Start of Block

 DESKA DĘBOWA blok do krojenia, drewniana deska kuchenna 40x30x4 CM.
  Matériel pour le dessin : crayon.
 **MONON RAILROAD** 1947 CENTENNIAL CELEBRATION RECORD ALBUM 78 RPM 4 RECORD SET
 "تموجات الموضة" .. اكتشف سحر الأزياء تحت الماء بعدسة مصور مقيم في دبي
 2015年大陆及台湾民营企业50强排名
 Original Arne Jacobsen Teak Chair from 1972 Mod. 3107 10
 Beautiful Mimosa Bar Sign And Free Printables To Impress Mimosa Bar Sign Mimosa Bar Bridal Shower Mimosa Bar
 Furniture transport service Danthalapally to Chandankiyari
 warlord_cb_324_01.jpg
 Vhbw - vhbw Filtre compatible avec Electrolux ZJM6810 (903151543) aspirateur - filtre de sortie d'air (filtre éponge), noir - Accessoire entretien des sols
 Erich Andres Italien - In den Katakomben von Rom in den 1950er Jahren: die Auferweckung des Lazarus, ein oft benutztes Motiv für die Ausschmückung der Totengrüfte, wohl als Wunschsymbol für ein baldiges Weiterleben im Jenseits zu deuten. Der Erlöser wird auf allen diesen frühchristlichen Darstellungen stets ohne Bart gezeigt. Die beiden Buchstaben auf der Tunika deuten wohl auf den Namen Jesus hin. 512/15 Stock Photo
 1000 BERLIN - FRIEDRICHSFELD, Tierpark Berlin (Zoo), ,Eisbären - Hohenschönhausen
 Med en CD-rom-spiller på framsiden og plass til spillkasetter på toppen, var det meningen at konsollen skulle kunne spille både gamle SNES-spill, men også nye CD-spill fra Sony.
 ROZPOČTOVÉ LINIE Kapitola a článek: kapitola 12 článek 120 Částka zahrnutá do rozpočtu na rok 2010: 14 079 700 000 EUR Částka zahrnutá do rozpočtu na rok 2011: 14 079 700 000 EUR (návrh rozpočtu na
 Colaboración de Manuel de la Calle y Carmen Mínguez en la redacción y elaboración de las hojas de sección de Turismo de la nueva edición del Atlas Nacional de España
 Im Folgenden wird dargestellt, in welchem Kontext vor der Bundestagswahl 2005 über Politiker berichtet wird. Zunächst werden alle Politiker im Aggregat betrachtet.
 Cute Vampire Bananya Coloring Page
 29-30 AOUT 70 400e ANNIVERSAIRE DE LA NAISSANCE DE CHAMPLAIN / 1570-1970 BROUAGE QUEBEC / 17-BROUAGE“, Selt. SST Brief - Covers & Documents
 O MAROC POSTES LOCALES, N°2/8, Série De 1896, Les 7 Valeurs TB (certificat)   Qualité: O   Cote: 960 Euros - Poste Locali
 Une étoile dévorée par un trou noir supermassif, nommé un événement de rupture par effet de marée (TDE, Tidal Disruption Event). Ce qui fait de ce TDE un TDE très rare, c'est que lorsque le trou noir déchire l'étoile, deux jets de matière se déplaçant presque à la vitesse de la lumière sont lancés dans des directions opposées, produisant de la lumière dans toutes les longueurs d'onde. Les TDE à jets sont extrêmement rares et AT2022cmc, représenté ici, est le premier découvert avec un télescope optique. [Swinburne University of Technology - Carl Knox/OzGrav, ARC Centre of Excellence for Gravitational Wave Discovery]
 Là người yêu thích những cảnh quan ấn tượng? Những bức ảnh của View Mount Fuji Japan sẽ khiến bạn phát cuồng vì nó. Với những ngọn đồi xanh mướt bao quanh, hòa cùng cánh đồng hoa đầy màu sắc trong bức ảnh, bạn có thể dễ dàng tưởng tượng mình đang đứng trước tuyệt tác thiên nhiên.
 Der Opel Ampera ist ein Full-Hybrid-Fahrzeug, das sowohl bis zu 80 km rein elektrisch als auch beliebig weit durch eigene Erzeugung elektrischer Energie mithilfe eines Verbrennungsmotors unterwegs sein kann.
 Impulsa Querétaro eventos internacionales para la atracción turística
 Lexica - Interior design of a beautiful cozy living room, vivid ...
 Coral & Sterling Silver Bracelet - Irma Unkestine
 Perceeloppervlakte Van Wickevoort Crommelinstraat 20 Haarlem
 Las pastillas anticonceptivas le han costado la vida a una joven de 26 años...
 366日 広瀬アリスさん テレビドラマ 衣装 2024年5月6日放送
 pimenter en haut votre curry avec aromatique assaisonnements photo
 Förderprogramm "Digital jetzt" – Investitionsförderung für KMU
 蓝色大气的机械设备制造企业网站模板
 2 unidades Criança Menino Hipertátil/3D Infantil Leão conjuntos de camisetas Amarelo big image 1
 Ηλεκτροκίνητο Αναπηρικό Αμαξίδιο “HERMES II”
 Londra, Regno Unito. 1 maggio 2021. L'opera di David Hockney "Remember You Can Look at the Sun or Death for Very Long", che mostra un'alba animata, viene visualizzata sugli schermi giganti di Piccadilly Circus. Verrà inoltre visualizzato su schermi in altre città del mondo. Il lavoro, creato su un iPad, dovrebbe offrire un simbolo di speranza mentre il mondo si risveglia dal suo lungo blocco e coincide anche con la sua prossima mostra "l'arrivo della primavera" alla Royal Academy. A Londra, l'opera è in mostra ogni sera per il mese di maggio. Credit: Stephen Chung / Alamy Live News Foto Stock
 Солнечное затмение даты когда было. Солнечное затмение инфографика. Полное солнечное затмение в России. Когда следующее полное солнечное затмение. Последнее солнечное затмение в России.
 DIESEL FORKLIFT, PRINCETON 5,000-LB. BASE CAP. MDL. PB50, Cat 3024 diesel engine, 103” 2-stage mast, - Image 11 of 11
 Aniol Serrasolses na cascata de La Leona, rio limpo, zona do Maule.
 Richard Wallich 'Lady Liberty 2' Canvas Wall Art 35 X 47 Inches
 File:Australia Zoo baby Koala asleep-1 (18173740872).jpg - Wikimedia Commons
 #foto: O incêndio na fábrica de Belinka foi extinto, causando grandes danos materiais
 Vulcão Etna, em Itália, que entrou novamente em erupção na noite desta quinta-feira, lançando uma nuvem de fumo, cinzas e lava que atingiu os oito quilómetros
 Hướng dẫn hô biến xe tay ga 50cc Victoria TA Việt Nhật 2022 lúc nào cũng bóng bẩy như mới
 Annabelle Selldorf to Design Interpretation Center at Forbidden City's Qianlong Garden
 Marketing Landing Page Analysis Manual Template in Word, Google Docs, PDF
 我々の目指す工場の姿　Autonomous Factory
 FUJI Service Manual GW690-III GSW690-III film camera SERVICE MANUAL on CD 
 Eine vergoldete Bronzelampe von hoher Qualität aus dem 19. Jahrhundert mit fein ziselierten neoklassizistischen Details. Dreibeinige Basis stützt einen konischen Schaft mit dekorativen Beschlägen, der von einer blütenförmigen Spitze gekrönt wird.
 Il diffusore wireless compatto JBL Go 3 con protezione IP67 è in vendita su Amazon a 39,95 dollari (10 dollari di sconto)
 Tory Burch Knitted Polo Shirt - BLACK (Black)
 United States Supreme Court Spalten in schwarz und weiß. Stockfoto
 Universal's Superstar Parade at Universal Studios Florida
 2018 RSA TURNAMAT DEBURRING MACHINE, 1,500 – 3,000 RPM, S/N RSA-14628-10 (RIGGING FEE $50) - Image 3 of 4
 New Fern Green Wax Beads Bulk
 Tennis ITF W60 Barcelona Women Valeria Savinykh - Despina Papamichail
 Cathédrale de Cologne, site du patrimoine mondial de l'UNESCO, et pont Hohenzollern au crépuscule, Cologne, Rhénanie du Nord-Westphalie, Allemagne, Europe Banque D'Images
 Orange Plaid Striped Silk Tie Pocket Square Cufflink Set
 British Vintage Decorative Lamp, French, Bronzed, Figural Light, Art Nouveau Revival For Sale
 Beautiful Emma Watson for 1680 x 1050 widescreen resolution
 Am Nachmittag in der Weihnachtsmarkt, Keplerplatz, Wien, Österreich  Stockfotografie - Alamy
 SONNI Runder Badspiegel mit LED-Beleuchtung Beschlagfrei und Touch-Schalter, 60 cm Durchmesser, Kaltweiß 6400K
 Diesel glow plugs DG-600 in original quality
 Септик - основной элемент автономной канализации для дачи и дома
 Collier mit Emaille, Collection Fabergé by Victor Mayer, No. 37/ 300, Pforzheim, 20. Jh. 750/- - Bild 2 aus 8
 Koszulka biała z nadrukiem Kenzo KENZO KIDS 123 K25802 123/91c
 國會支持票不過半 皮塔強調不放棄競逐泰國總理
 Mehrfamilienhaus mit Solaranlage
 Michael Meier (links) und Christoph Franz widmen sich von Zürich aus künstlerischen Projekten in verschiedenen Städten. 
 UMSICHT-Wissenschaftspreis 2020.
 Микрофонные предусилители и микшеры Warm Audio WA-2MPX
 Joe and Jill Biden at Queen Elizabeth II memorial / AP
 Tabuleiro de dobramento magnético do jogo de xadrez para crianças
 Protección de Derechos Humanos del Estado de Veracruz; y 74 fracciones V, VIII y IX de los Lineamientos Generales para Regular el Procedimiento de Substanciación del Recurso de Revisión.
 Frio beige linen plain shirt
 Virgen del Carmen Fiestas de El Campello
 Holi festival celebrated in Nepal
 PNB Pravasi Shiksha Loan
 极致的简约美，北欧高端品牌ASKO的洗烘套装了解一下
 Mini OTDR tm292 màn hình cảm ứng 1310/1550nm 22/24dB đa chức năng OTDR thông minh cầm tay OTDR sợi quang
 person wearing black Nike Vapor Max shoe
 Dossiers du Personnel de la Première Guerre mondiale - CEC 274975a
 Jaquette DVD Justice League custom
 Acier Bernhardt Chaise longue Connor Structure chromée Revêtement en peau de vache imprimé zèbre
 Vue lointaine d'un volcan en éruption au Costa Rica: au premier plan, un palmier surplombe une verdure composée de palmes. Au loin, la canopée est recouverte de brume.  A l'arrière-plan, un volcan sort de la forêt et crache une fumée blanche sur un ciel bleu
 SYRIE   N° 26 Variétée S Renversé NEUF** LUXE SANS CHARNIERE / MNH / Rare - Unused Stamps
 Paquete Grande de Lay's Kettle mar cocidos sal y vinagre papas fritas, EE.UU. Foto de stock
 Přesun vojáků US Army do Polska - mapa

End of Block

## [EXERCISE]
Go over the data above and copy every line that has the word "Page" in it.

## [TASK SOLUTION]
 Cute Vampire Bananya Coloring Page
 Marketing Landing Page Analysis Manual Template in Word, Google Docs, PDF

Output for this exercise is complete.